Walking into the atrium of AAC, the upbeat classic rock playing over the speakers didn’t fit the feel of the room. Reporters hunched over their laptops and others stood talking to each other in hushed voices by the walls. After a brief delay, Anne Milgram and Cynthia Marshall walked out to the podium to speak.
Anne Milgram was the Attorney General of New Jersey before her current role as Special Counsel at Lowenstein Sandler LLP and professor of practice at NYU’s School of Law. She was one of two lead investigators looking into the Mavericks’ toxic workplace culture allegations.
Findings from the report
In her comments, Milgram illustrated the depth of depravity manifested in the Mavericks business practices for 20 plus years. This systemic issue wasn’t caused solely by the three problematic individuals; it severely escalated when so many in power either refused to believe the victims or actively worked to protect the abusers.
“They were three bad actors, but it was more than that,” Milgram said. “It’s important to understand how this was handled.”
In the investigation, Milgram and the other investigator, Evan Krutoy, found that Mark Cuban had no knowledge of the wrongdoings of Terdema Ussery. Somewhat unbelievably, no official complaints existed in Ussery’s human resources file.
Most of Cuban’s involvement on the business side of the organization was through email; he rarely came into the business office. Former HR director Buddy Pittman, however, did heavily influence the toxic culture pervasive in the Mavs organization.
The report cited a deep distrust of Pittman by Mavericks employees. One instance occurred where Pittman directed one of Ussery’s victims not to speak up and did the same to another employee.
One quote in the findings, about Chris Hyde, stood out from the rest. Dallas brought Hyde on in May 2000 as a full-time Account Executive in the ticket sales department before firing him 14 years later:
Two ticket sales employees — one female and one male — stated that in the spring of 2009, while in a conversation about a recent mass shooting, Hyde told them that if he were ever going to “take someone out,” the female employee would be first, the male employee would be second, and then he would move on to other departments. Both employees told the Investigative Team that they interpreted Hyde’s remarks as a threat to bring a gun into the office and shoot them. The threat so concerned the female employee that she told her family that if anything bad happened to her, they should consider Hyde a suspect.
Abusers moved past unwanted sexual comments to straight up threats of murder because nothing was done.
Milgram said most of these serial harassers started their behavior from day one. In fact, they went unchecked from the start so why would they stop if even the CEO was engaging in predatory behavior?

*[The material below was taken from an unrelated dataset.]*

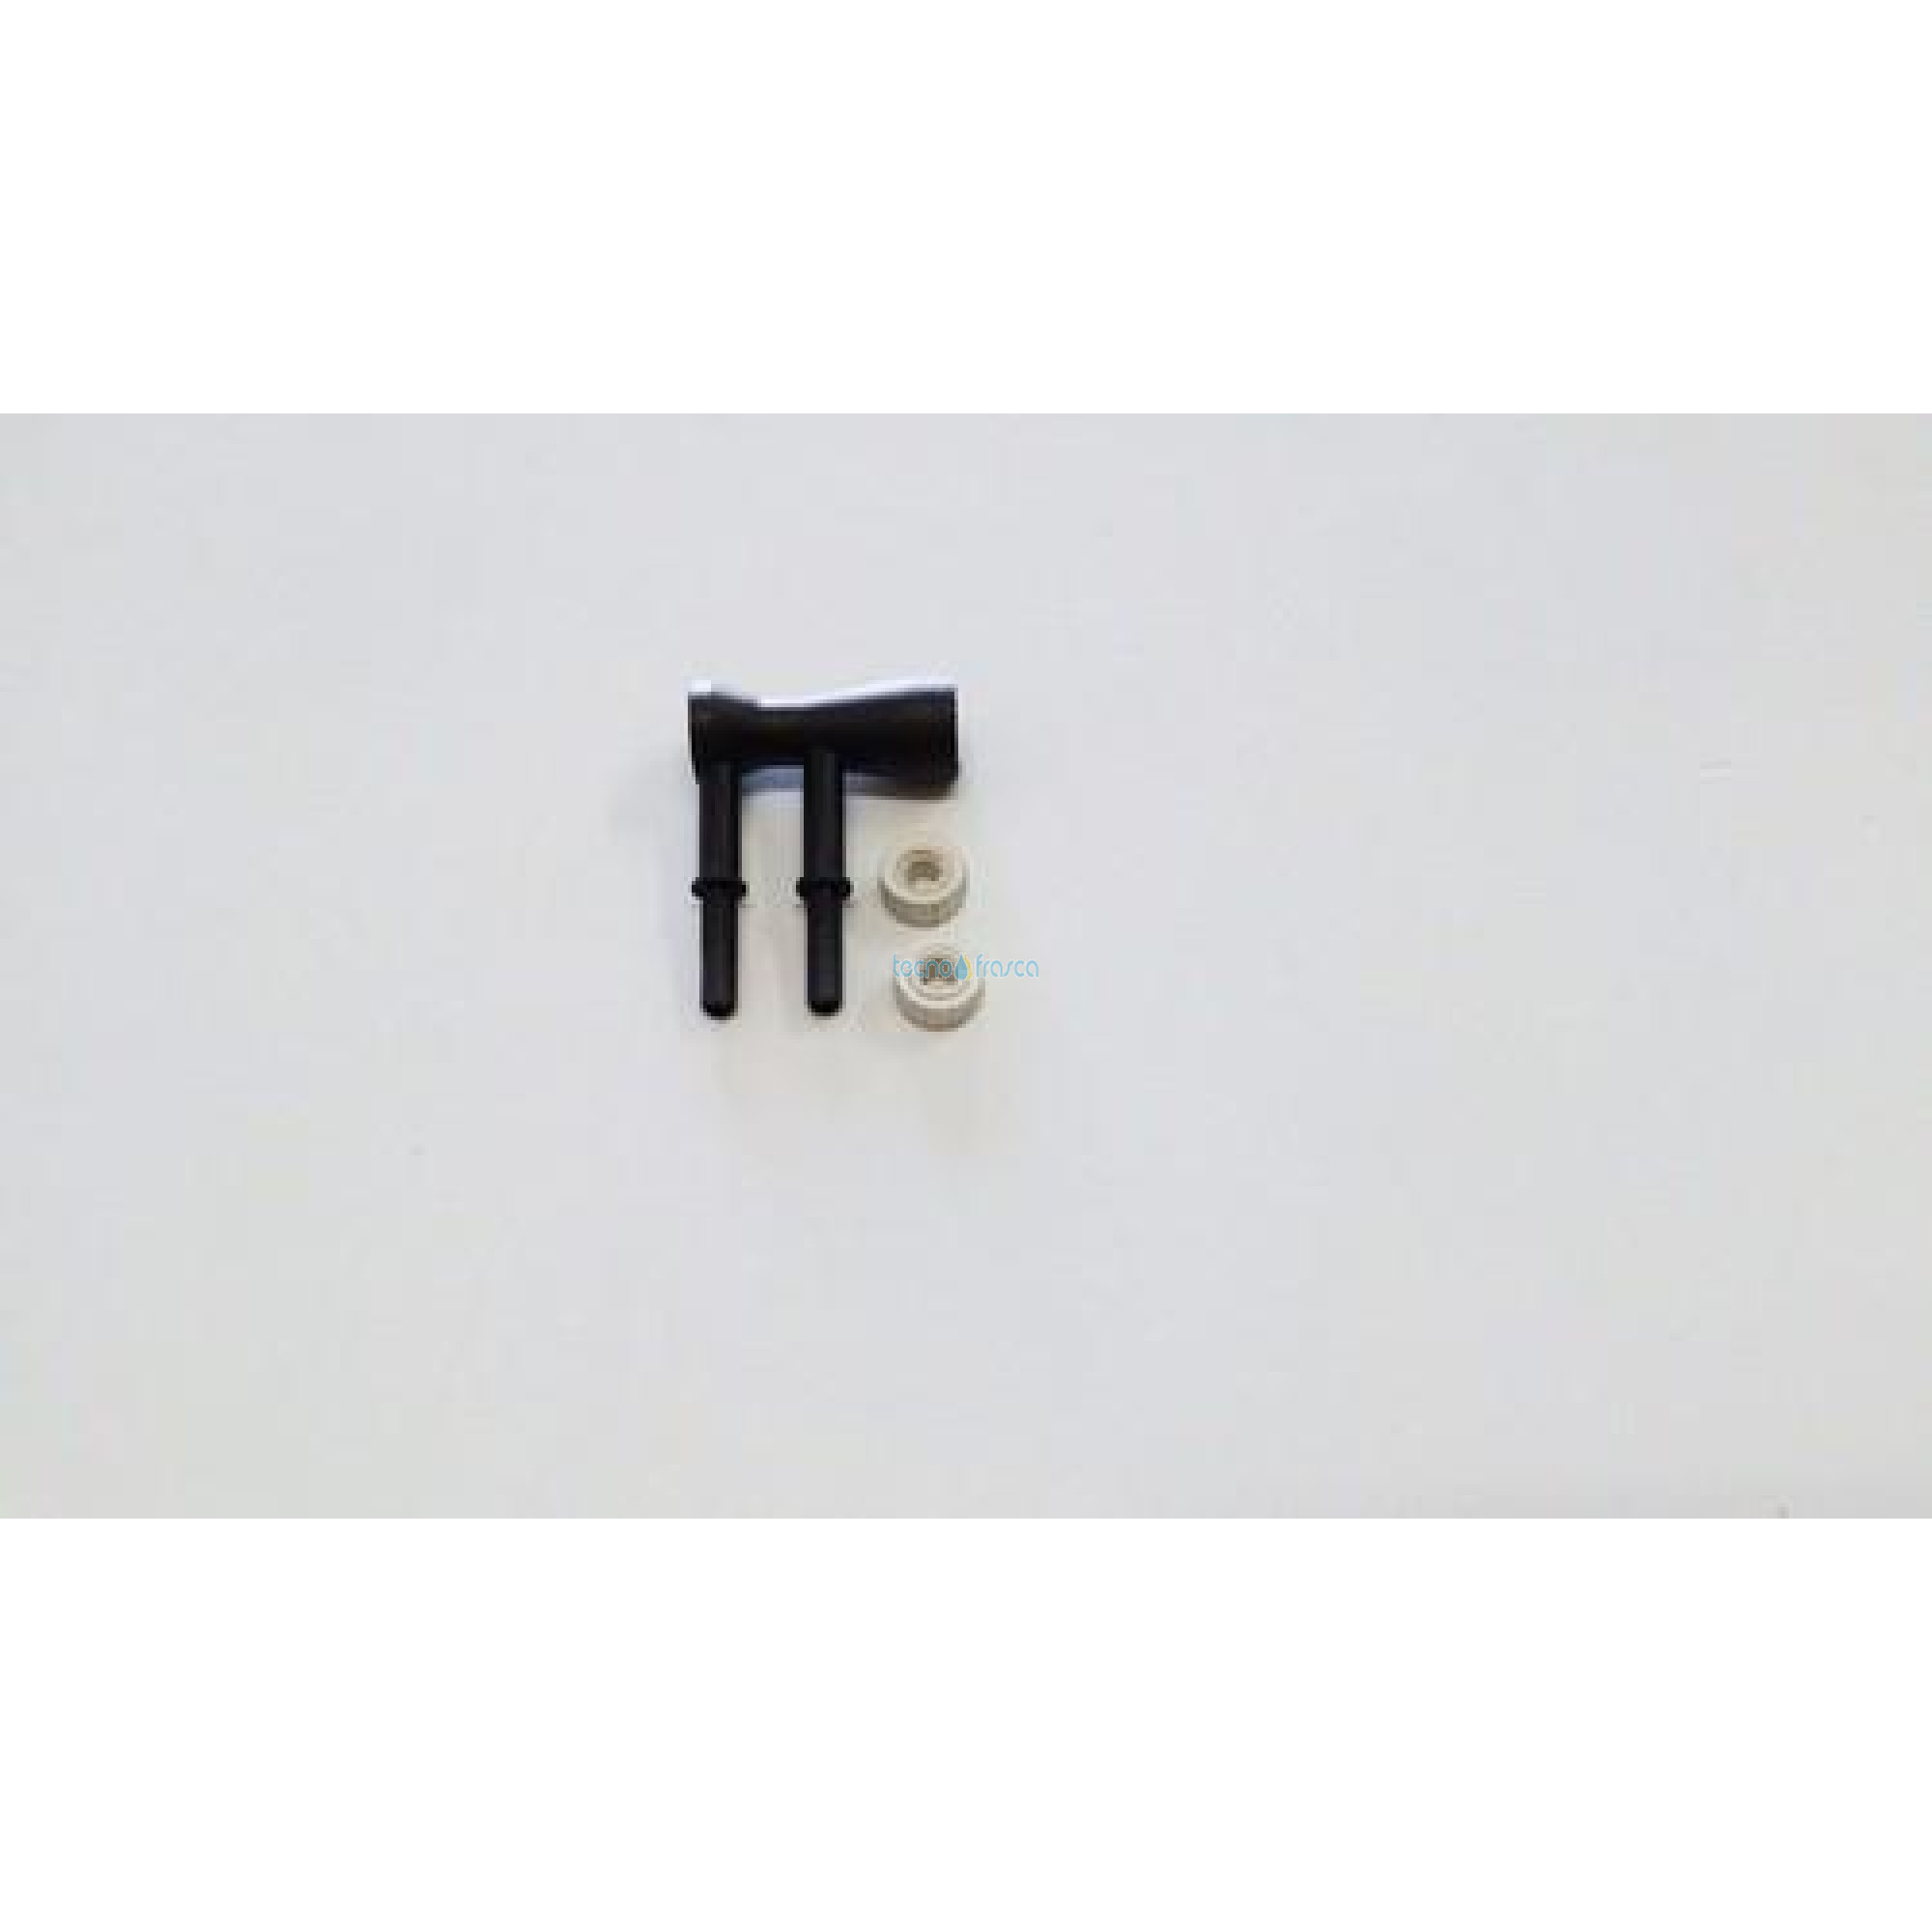 Unical kit venturi pps 95262023
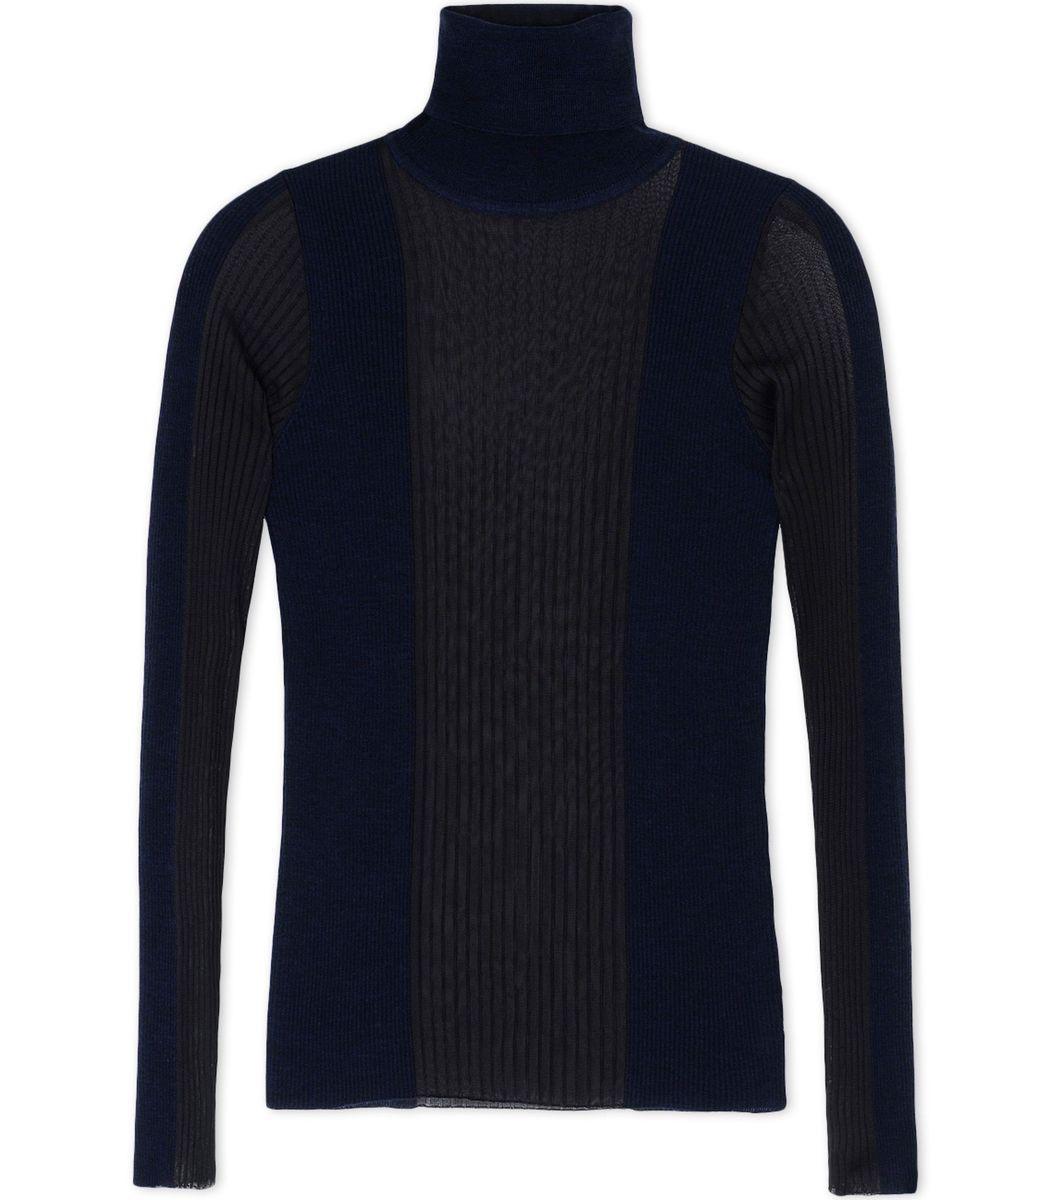 Emilio Pucci Sheer Navy Turtleneck Sweater | Knitwear | Pinterest ...

All 46 pages of the report are posted here if you’re interested in the specifics of the findings. I recommend reading it to shed more light on what exactly happened.
Recommendations from the report
After their findings were concluded, the investigators made 13 recommendations. I’ll just hit the high points.
- One of the first things their team did was use Milgram’s experience with big data to get a snapshot of the organization. They looked at how many women and people of color worked on the business side, their salaries, and to see if they were turned down for promotions and their level of pay.
- At the beginning the Mavs had very few records and the ones they had were mostly just paper copies. Dallas has made significant improvements to their records since the investigation began.
- The second main theme of the recommendations was to improve the way for employees to report misconduct and make the process less formal. A 24/7 hotline to report harassment is now available for Mavericks employees.
- Anonymous survey will be held regularly to keep checks on those in positions of power so another Ussery situation never happens again. The Human Resources department will expand and lay out clear lines of decision making as well as prompt and consistent discipline.
- Lastly, the investigation recommended hiring more women and people of color as supervisors and employees in general. Milgram and Krutoy have found no solution to fixing a culture like the Mavericks have more effective than simply hiring a more diverse workforce.
Bringing it all together
At the conclusion of her remarks, Milgram noted that it is common practice for companies to make a few or none of the changes recommended by investigative teams. The Mavericks made all of the recommended changes and cooperated absolutely with Milgram and Krutoy.
Dallas Mavericks CEO Cynthia Marshall closed the press conference by talking about the changes she hoped to make as CEO and how she wanted the organization to set an example to others. Mavs employees at the VP level and above are now 47 percent women and 33 percent people of color.
“We get to define what diversity and inclusion in sports looks like with the Dallas Mavericks,” Marshall said. “We get to show women that you can have a career in sports.”
This team talked a big game about doing what’s needed to change a toxic culture of 20 years as fast as possible. Though the early signs point to good progress, the Mavericks still have a long road to haul to set the example they want to set for the entire NBA.